··· Dataset excerpt

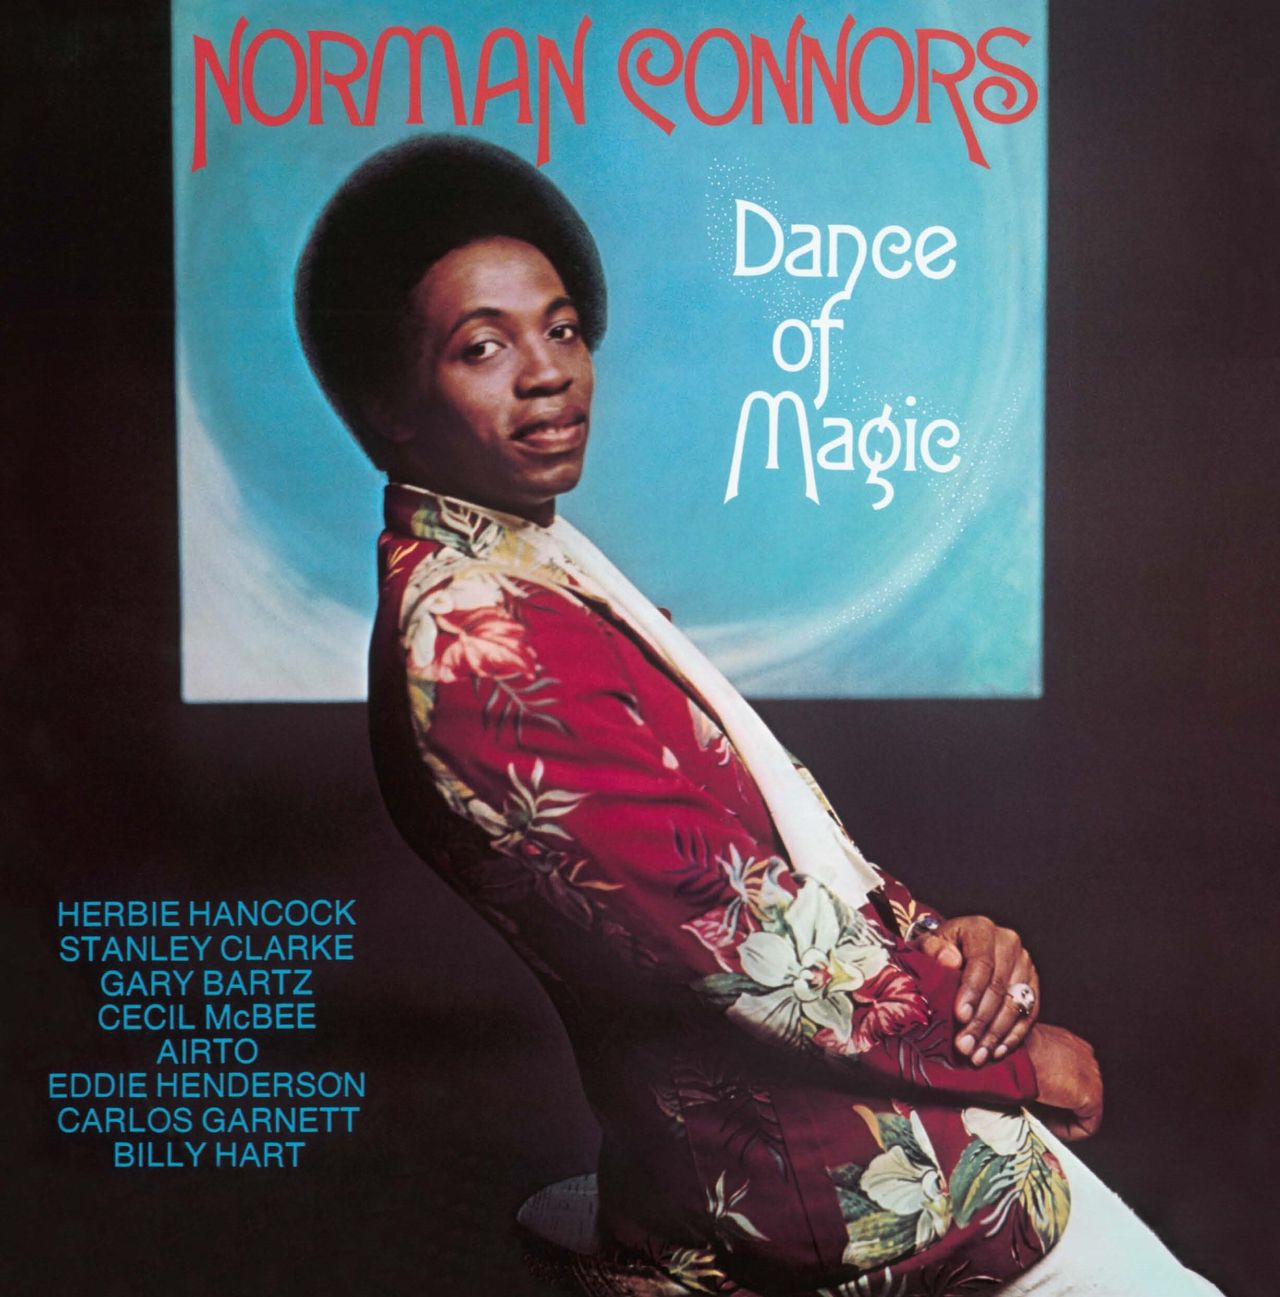 Norman Connors Dance Of Magic - Remastered 180 Gram - Sealed UK vinyl LP album (LP record) PPANBDS5674
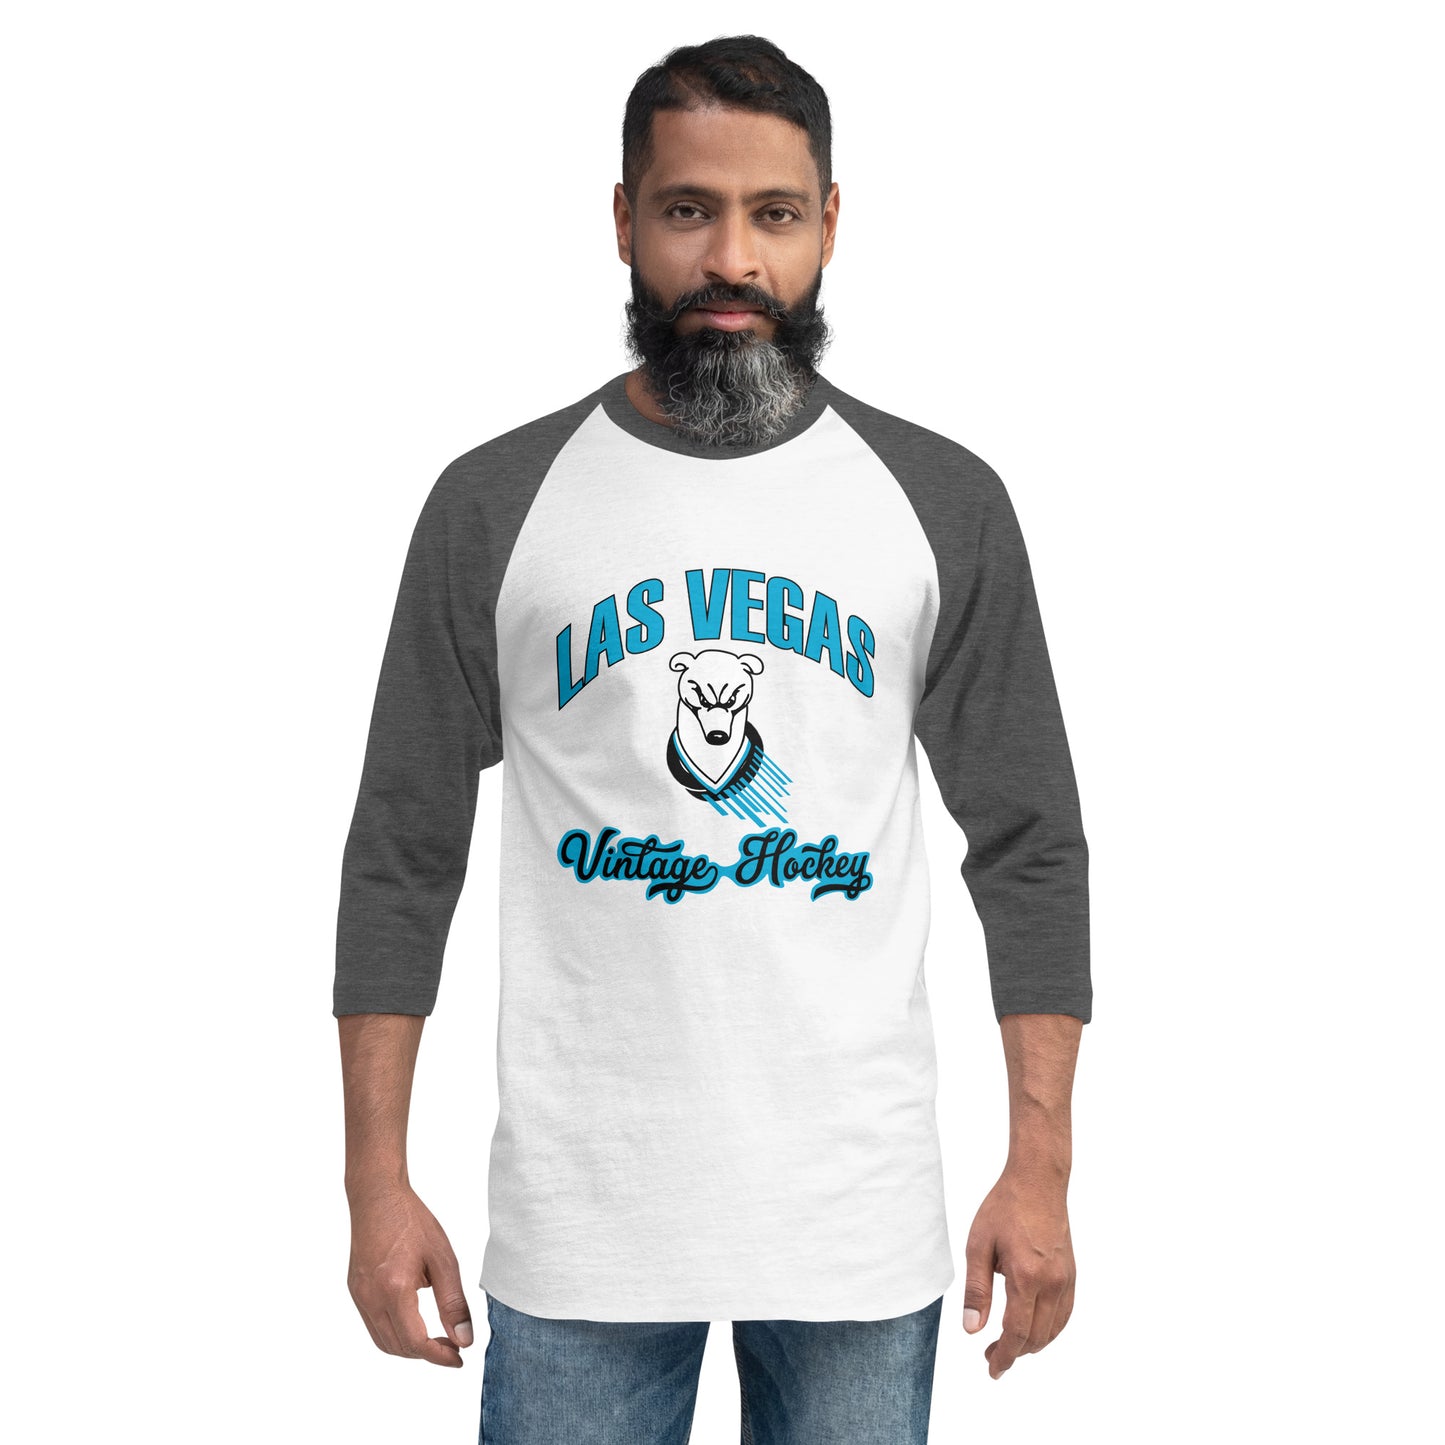 Las Vegas Las Vegas Vintage Hockey 3/4 Sleeve Raglan Shirt - White/Heather Charcoal
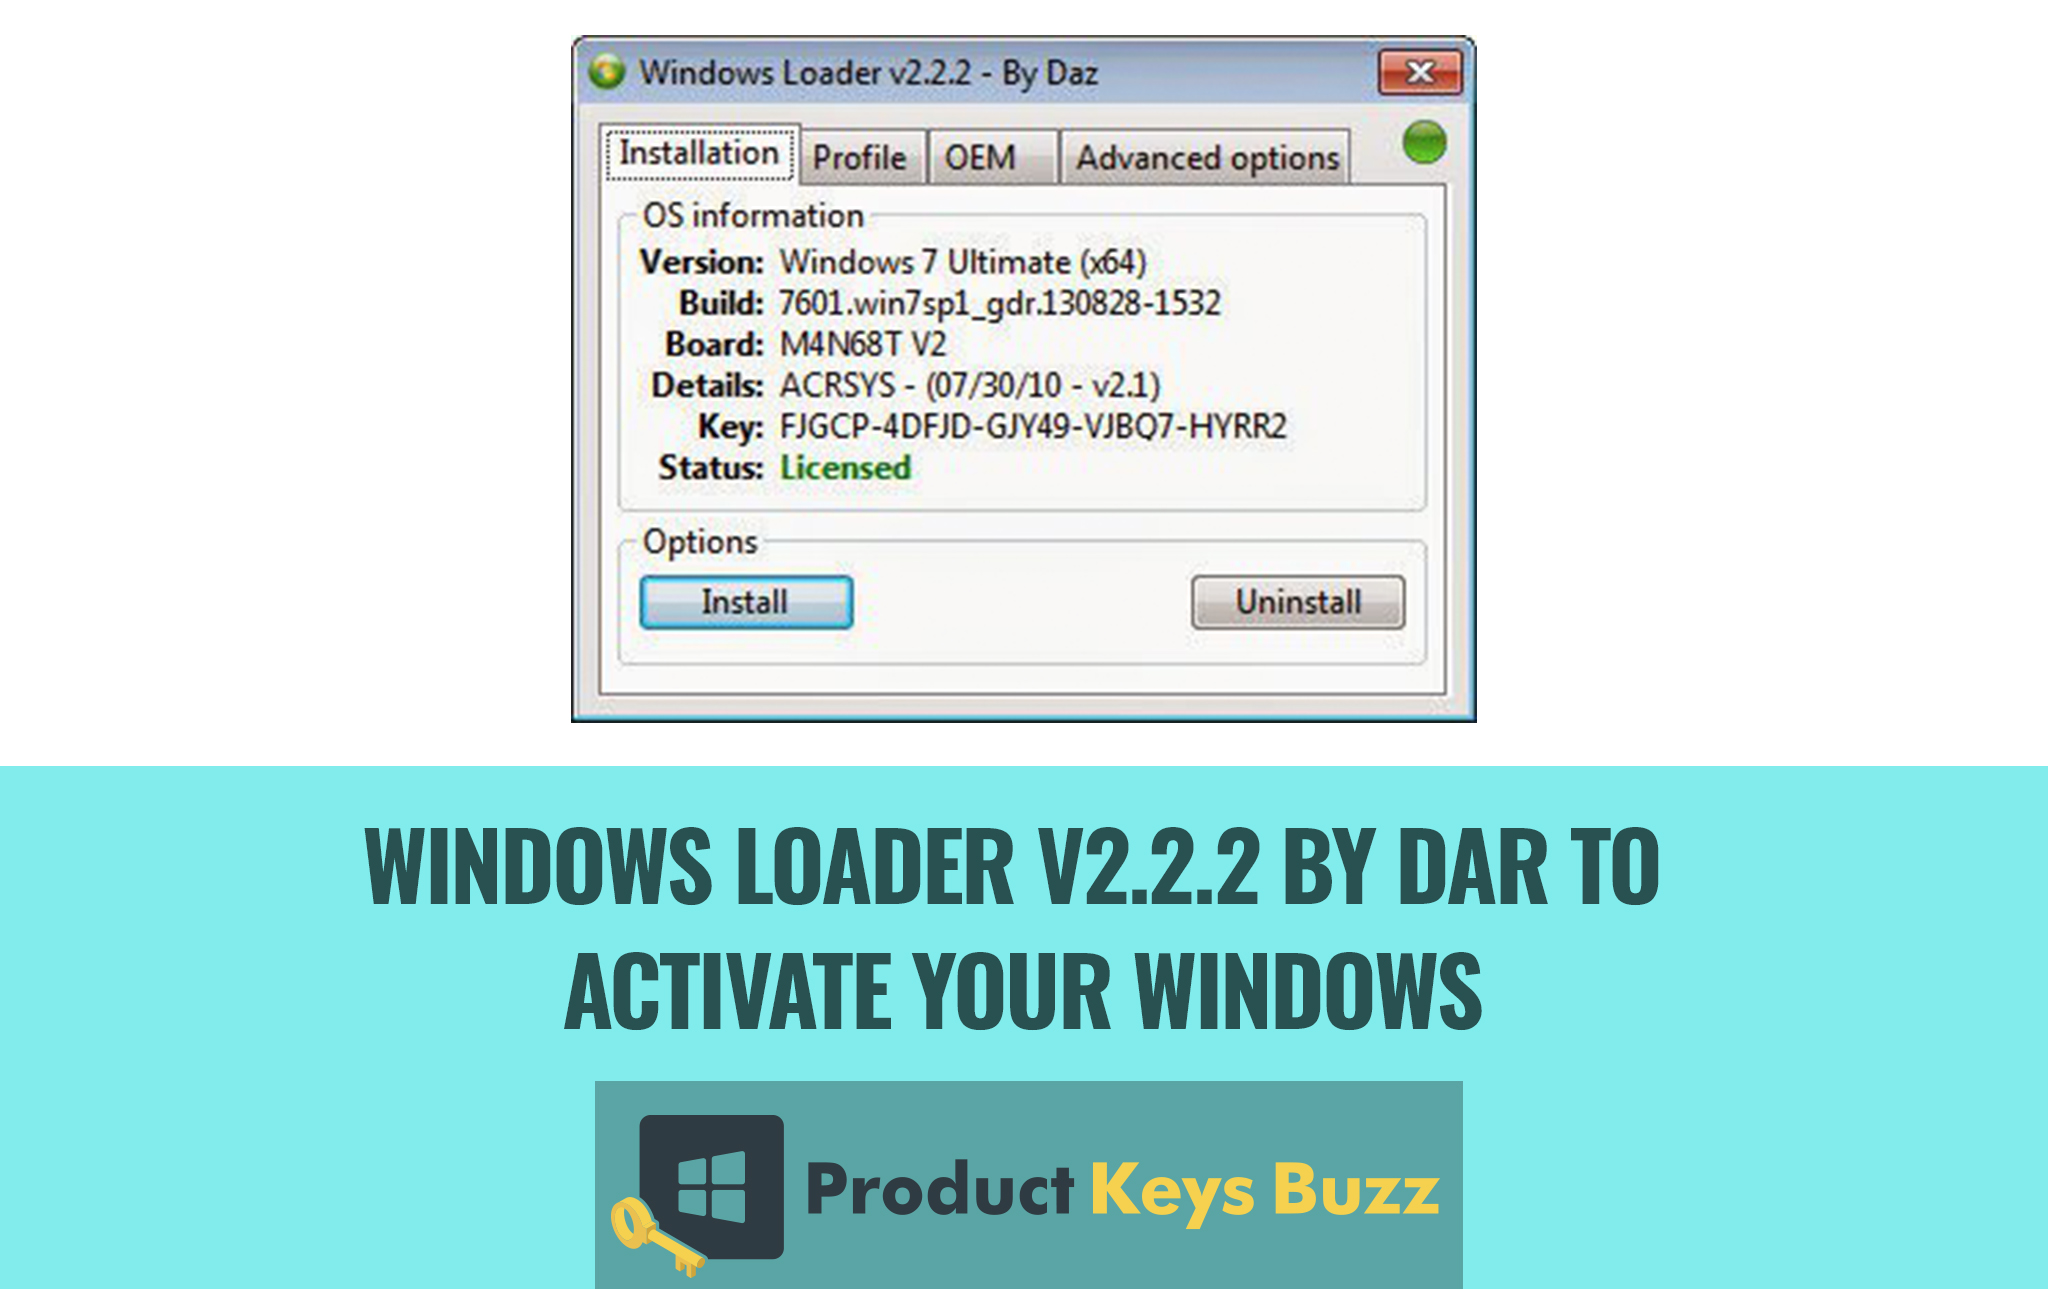 Активатор windows daz. Windows Loader. Windows Loader by Daz. Активатор Windows 7 Loader by Daz. Windows Loader 2.2.2 by Daz.
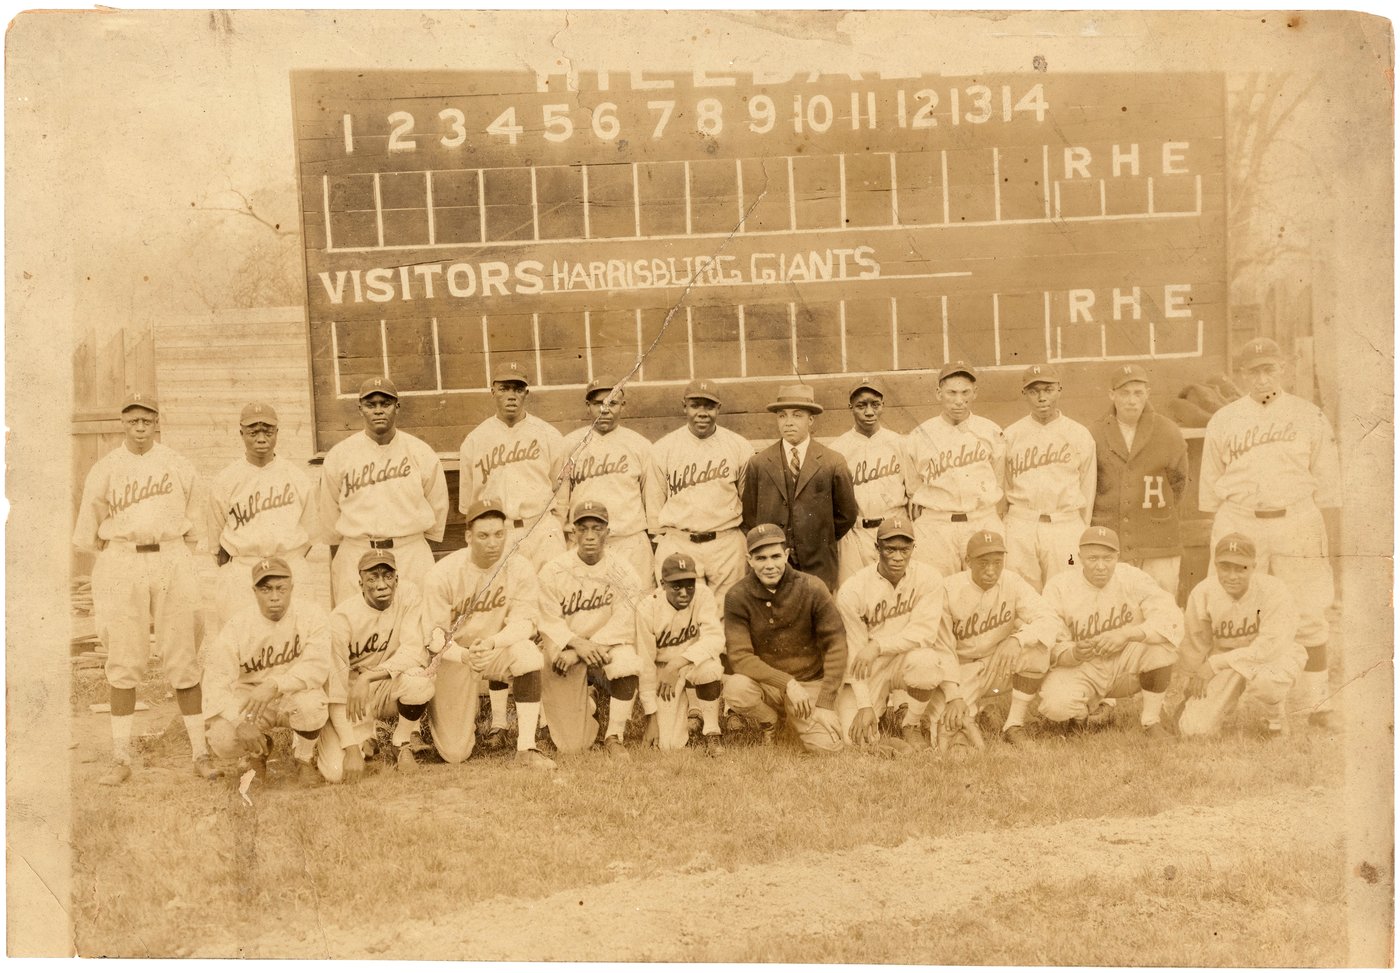 1924 NY Giants Baseball Team by Underwood Archives

······

* **Work to complete**: When you set down the material above, keep every word exact and include no pictures.

* **Response to this task**:
 Norman Connors Dance Of Magic - Remastered 180 Gram - Sealed UK vinyl LP album (LP record) PPANBDS5674
 Las Vegas Las Vegas Vintage Hockey 3/4 Sleeve Raglan Shirt - White/Heather Charcoal
 Активатор windows daz. Windows Loader. Windows Loader by Daz. Активатор Windows 7 Loader by Daz. Windows Loader 2.2.2 by Daz.
 1924 NY Giants Baseball Team by Underwood Archives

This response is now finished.